**DATA**
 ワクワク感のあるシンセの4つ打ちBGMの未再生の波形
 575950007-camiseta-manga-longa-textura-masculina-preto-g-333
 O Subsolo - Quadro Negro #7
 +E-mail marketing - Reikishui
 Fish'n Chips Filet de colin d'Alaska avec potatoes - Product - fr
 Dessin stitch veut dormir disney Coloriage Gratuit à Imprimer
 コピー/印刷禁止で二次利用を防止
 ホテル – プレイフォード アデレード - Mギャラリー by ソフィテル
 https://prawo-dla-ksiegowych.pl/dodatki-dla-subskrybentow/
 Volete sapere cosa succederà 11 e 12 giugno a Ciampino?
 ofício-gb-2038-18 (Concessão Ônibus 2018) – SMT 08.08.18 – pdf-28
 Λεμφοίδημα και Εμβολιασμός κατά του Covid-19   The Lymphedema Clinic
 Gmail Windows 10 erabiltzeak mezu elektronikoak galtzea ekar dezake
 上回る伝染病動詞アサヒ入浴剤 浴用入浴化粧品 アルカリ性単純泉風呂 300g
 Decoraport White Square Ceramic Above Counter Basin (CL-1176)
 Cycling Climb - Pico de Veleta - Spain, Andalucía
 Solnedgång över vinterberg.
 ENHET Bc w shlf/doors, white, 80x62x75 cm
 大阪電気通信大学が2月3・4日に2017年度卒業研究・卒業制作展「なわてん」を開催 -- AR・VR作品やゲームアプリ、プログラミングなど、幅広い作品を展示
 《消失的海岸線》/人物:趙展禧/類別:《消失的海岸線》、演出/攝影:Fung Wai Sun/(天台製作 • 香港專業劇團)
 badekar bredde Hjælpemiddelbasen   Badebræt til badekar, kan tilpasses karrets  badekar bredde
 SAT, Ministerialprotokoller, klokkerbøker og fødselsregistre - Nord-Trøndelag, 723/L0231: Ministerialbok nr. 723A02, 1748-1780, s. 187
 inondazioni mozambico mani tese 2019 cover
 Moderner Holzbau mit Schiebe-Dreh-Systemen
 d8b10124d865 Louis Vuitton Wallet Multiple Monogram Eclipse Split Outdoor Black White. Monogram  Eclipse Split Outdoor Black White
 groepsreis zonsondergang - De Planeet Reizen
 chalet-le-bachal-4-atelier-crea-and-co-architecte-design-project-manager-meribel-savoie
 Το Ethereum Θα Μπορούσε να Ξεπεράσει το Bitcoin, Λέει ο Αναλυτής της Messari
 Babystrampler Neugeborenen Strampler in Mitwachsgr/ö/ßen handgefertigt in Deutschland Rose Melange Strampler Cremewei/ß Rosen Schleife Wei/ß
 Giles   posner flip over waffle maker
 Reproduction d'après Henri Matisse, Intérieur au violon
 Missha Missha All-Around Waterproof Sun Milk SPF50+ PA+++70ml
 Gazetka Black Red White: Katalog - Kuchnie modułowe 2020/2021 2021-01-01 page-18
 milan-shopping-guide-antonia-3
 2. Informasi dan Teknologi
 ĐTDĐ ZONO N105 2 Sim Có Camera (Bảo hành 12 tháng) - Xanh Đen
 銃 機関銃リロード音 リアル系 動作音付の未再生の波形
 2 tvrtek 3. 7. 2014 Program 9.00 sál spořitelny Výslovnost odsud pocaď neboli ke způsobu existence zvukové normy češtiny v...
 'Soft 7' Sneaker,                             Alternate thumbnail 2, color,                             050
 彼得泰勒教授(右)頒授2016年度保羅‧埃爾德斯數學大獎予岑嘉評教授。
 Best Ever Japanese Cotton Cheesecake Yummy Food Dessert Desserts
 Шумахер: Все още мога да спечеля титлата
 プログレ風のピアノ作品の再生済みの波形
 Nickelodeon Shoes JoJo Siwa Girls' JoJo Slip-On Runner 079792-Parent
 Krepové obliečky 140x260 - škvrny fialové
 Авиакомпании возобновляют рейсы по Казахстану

**YOUR ASSIGNMENT**
Write out exactly the lines from the start of the material through the line with "Το Ethereum Θα". No other output is expected.

**COMPLETED EXERCISE**
 ワクワク感のあるシンセの4つ打ちBGMの未再生の波形
 575950007-camiseta-manga-longa-textura-masculina-preto-g-333
 O Subsolo - Quadro Negro #7
 +E-mail marketing - Reikishui
 Fish'n Chips Filet de colin d'Alaska avec potatoes - Product - fr
 Dessin stitch veut dormir disney Coloriage Gratuit à Imprimer
 コピー/印刷禁止で二次利用を防止
 ホテル – プレイフォード アデレード - Mギャラリー by ソフィテル
 https://prawo-dla-ksiegowych.pl/dodatki-dla-subskrybentow/
 Volete sapere cosa succederà 11 e 12 giugno a Ciampino?
 ofício-gb-2038-18 (Concessão Ônibus 2018) – SMT 08.08.18 – pdf-28
 Λεμφοίδημα και Εμβολιασμός κατά του Covid-19   The Lymphedema Clinic
 Gmail Windows 10 erabiltzeak mezu elektronikoak galtzea ekar dezake
 上回る伝染病動詞アサヒ入浴剤 浴用入浴化粧品 アルカリ性単純泉風呂 300g
 Decoraport White Square Ceramic Above Counter Basin (CL-1176)
 Cycling Climb - Pico de Veleta - Spain, Andalucía
 Solnedgång över vinterberg.
 ENHET Bc w shlf/doors, white, 80x62x75 cm
 大阪電気通信大学が2月3・4日に2017年度卒業研究・卒業制作展「なわてん」を開催 -- AR・VR作品やゲームアプリ、プログラミングなど、幅広い作品を展示
 《消失的海岸線》/人物:趙展禧/類別:《消失的海岸線》、演出/攝影:Fung Wai Sun/(天台製作 • 香港專業劇團)
 badekar bredde Hjælpemiddelbasen   Badebræt til badekar, kan tilpasses karrets  badekar bredde
 SAT, Ministerialprotokoller, klokkerbøker og fødselsregistre - Nord-Trøndelag, 723/L0231: Ministerialbok nr. 723A02, 1748-1780, s. 187
 inondazioni mozambico mani tese 2019 cover
 Moderner Holzbau mit Schiebe-Dreh-Systemen
 d8b10124d865 Louis Vuitton Wallet Multiple Monogram Eclipse Split Outdoor Black White. Monogram  Eclipse Split Outdoor Black White
 groepsreis zonsondergang - De Planeet Reizen
 chalet-le-bachal-4-atelier-crea-and-co-architecte-design-project-manager-meribel-savoie
 Το Ethereum Θα Μπορούσε να Ξεπεράσει το Bitcoin, Λέει ο Αναλυτής της Messari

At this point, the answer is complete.